Who Am I To Stop It is screening at Whitsell Auditorium through Portland Art Museum’s Object Stories program. The current Object Stories exhibition is called “Invisible Me,” and it focuses on five Portland-area storytellers with different types of invisible disabilities. You can find the Invisible Me Closed Captioned videos on YouTube if you can’t get to the museum to watch, listen, and read them there. If you can get to the museum, what’s extra there is objects that each storyteller chose on display with a little background on the storytellers and their objects. You know, Object Stories. The other extra piece is the interactive part. There’s post-it notes where visitors can share a tiny piece of their disability experiences and post them on the wall. Last time I checked a week ago, over 4,000 post-its had been added by patrons. And people had taken over 6,000 pins with different statements around invisible disability.
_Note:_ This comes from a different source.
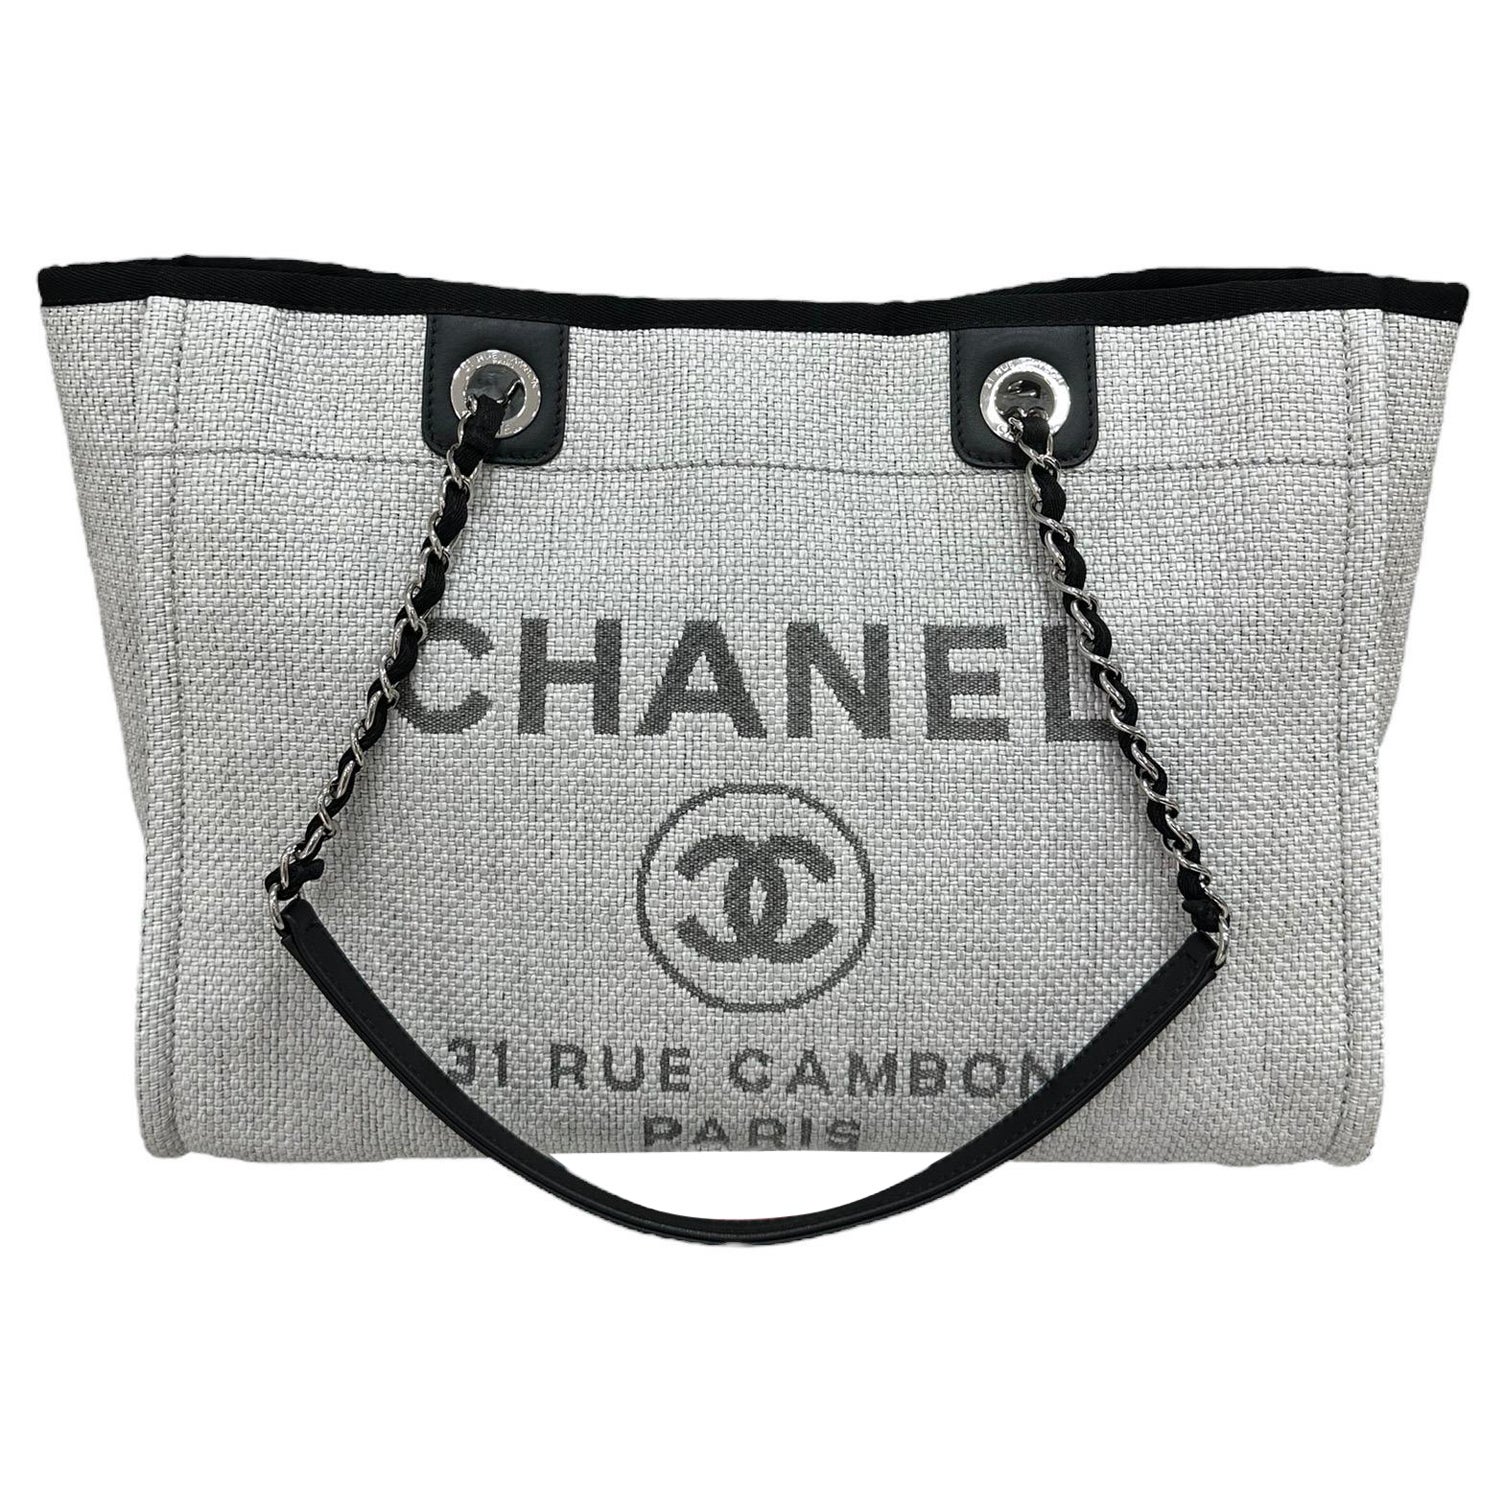 2017 Chanel Deauville Rafia Grigia e Nera Borsa a Spalla For Sale

Any Portlanders reading this who wanna join me some time to view this exhibit, drop me a line. I have a guest pass to share!

I think it’s so beautiful that a big, long-standing institution that wasn’t founded on principles of disability inclusion or of disability justice has such a desire to highlight these topics and to make the exhibit quite accessible. And being part of the program, I appreciate that my disabled-made film about disability experiences is being honored. One of the difficulties of doing activism and advocacy around invisible disabilities is that there are so very, very, very many people doing it all the time, and it rarely gets recognized outside of disability community with genuine attention and appreciation. The Body Is Not An Apology, Invisible Disability Project, Everyday Feminism, and Sins Invalid are just a very tiny, few groups that have been doing work in this arena for some time, much of it wonderfully intersectional. This is hardly the tip of the iceberg!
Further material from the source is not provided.